I do still own a bunch of 2835 Pi Zeros but I gradually moved them all to an armv6 HardFloat distro after failing to get a toolchain for recompiling the whole Slackware:
https://www.linuxquestions.org/quest...v6-4175612701/
I use these boards solely for Kodi (multimedia), not really needing a full distro for that purpose and just maintaining (compiling & updating) now the applications I need to expose the system to the Internet (ssl&curl&co). I only noticed a slight performance improvement in Kodi's OSD display - it's snappier - between Slackware SoftFloat & new distro HardFloat. No other subjective performance improvements noticed.

I've tried to reference and continue the discussion on these last 3 posts in the more appropriate slackware-arm-faq-soft-float-and-hard-float thread, but I wasn't able to, that thread looks locked.
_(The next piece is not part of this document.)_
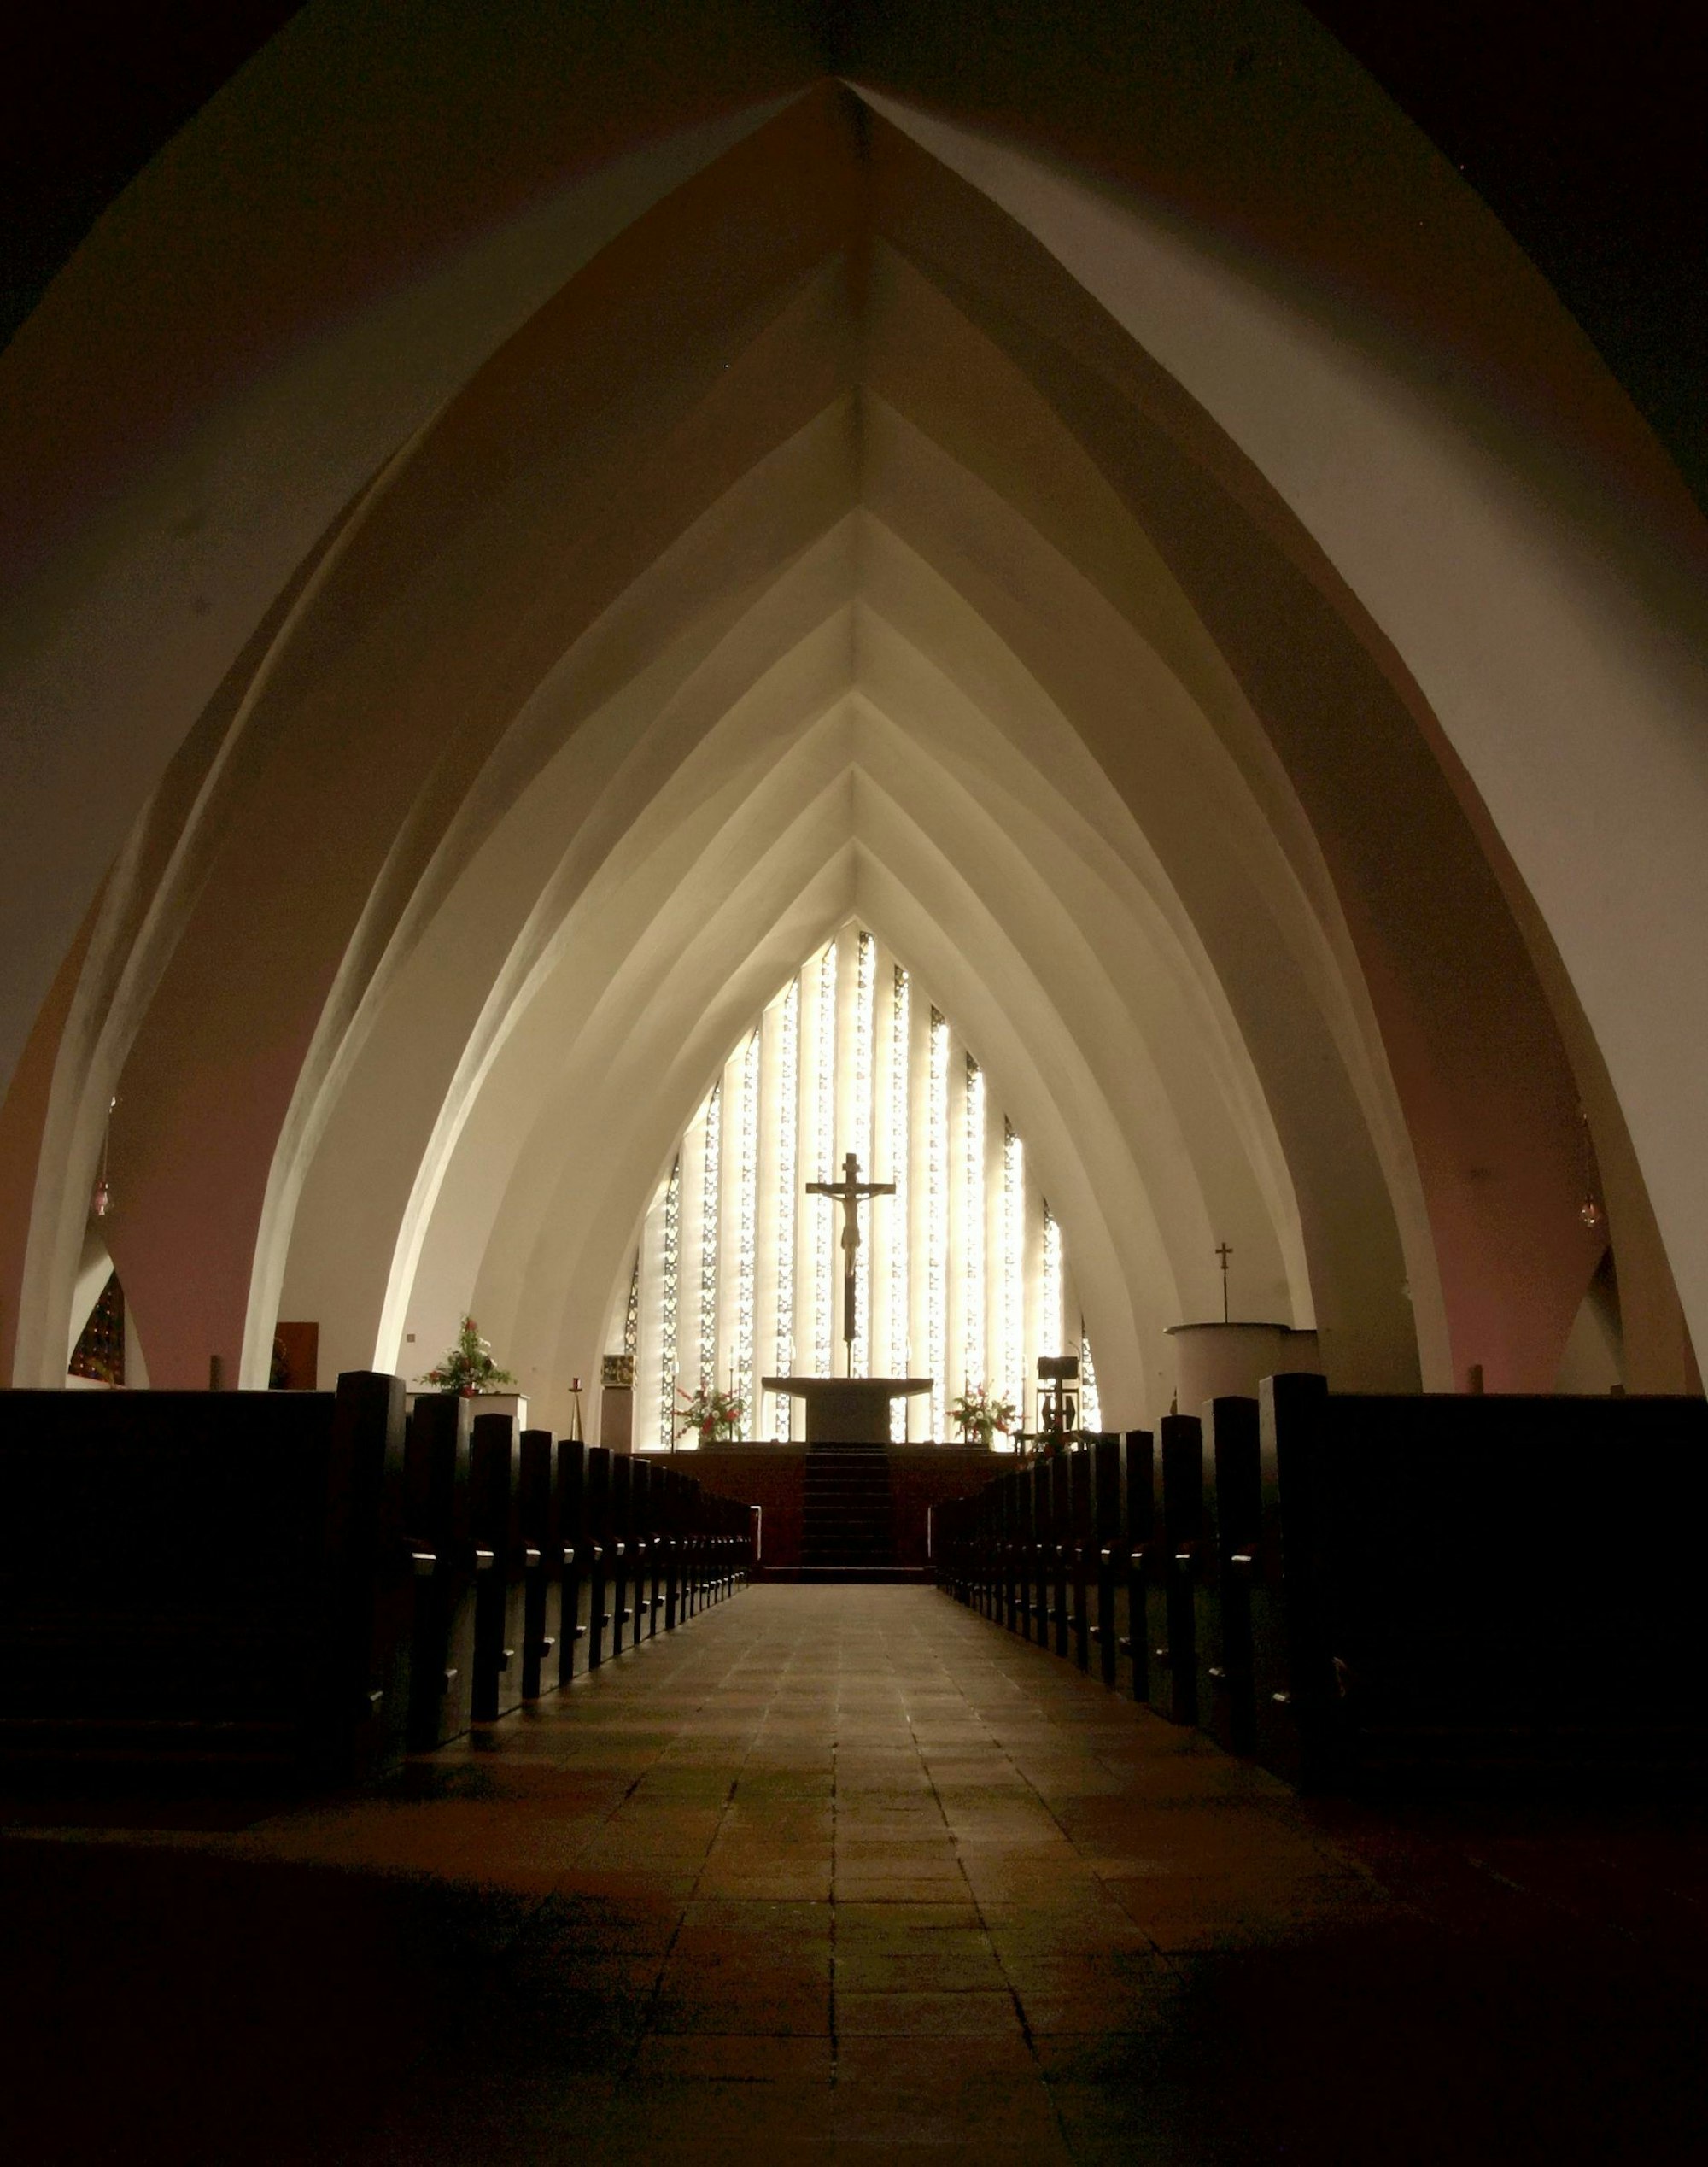 Blick auf den Altarraum von St. Apollinaris in Frielingsdorf, im Bild sind das Kirchenschiff von Dominikus Böhm, der Altarraum von Gottfried Böhm und das Fenster vonHerbert Bienhaus zu sehen.

Weird!
https://www.linuxquestions.org/quest...987/page2.html

I'll stop here and apologize to leeeoooooo for the slightly off-topic discussiom.

gus3 · 09-14-2019, 08:03 PM

Um, I'm still not making it clear, apparently.

Slackware ARM 14.1, as built, didn't use the HW VFP, since it was built with '-mfloat-abi=soft'. The parameter passing during function call/return went through the stack already. So memory access penalty for the function arguments is there, just as much as with 'softfp'. Add to that the much larger code base to provide FP emulation, and you're looking at a massive slow-down on the machine level.

The overhead of copying from integer to FP register, is more than offset by the speedup of VFP/Neon. That "overhead" is a pittance, compared to FP emulation.

abga · 09-14-2019, 09:17 PM

Clear now!

leeeoooooo · 09-19-2019, 09:46 AM

Thanks so much for the helpful discussion.

I'm a -current guy so I was really hoping the hard-float kernel would work for me on this little thing.

I haven't started my attempt yet but I'm convinced that I now have the best instructions and explanation of the issues involved.

I love Slackware, on top of everything else, for the really great support!

Thanks again!!

gus3 · 09-19-2019, 08:10 PM

If I'm understanding the timeline correctly, the last Slackware ARM that will run on an original RPi is 14.2. After that, Stuart Winter started using the following GCC flags for -current:

Code:

-march=armv7-a -mfpu=vfpv3-d16 -mfloat-abi=hard

The first two flags result in code that won't run on the BCM2708/2835, used in the original RPi as well as the RPi Zero.

drmozes · 09-20-2019, 07:07 AM

Quote:

Originally Posted by gus3

If I'm understanding the timeline correctly, the last Slackware ARM that will run on an original RPi is 14.2. After that, Stuart Winter started using the following GCC flags for -current:

Code:

-march=armv7-a -mfpu=vfpv3-d16 -mfloat-abi=hard

The first two flags result in code that won't run on the BCM2708/2835, used in the original RPi as well as the RPi Zero.

That's right. I think that -current (to be 15.0) will only run on the RPi2 and upwards.